早くノックをするべきだと分かっている。けれど、どうしても思い切ることができない。
騎士たちの視線を背後から感じ、ものすごく居た堪れないし、落ち着かない。
(やっぱり帰ろう)
メリンダが踵を返そうとしたそのとき、目の前の扉が静かに開いた。
「あっ……」
戸惑うメリンダの視界に飛び込んでくる、ステファンの笑顔。
「待っていたよ、メリンダ」
腕を引かれ、強く抱きしめられる。メリンダの背後で扉がパタンと閉まった。
「ステファン様、わたしは……」
「黙って」
ステファンがメリンダの口を塞ぐ。額に、頬に、唇に口づけながら指を絡め、腰をぐいっと抱き寄せた。

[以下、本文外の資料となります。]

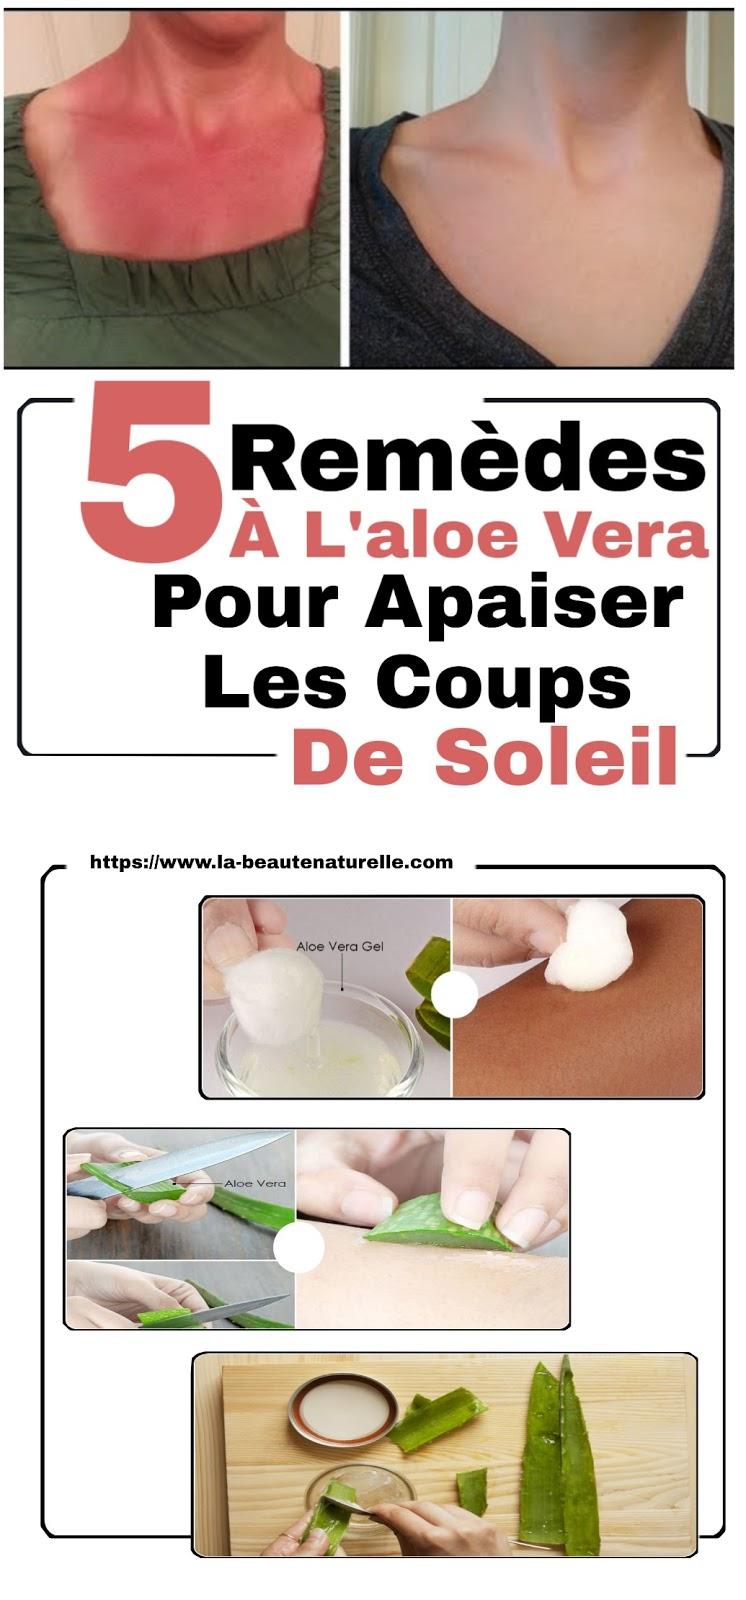 5 Remèdes À L'aloe Vera Pour Apaiser Les Coups De Soleil

「違うんです! わたしはただ、こういうことをされては困ると伝えたくて……」
「本当に?」
ステファンはそう言ってメリンダを見つめる。ほんの数センチ動けば唇が触れ合うその距離で、ステファンはメリンダの頬を撫でた。
「君は『僕のことが好きじゃない』と、ここで、僕に向かって、そう言いきることができるの?」
「そ、れは……」
メリンダの瞳が左右に揺れる。ステファンは逃さないとばかりに、メリンダと額を重ね合わせた。
「迷惑だって。僕に触れられるのは嫌だって。もう二度と会うつもりはないって、そうハッキリと言えるの? 僕のことが嫌いだって、本気で?」
「違っ……わたし――――わたしは! ステファン殿下のことが好きです。大好きです! だけど、あなたには婚約者が――――」
彼女の言葉はそれ以上続かない。
ステファンは満足気に微笑むと、メリンダの唇を強引に奪う。
心が、身体が甘くて苦くてたまらない。
メリンダの瞳に涙が滲んだ。
「僕はメリンダが好きだ。君が欲しい。今すぐに」
それはこの二年間、聞きたくてたまらなかった言葉だ。
好きな人に愛されて、求められて、抗える人間がどれだけ居るだろう?
喜ばない人間が果たしているだろうか?
――――いや、居ない――――メリンダはそう自分に言い訳をしたくなる。
「僕は君と一緒に居たい。どうか、僕の側に居てくれ」
肌を撫でる手のひら、首筋を滑る唇に、メリンダはゴクリと唾を飲む。
(もう、どうとでもなってしまえ)
これ以上は無理だ。自分に嘘は吐けそうにない。
宙に浮かせていた己の腕を、メリンダはステファンに向かって伸ばす。
激しい口づけの合間、ステファンが口の端を上げ、満足気に微笑んだ気配がする。
メリンダは泥沼に沈みゆく己を自覚しつつ、彼と同じように微笑んだのだった。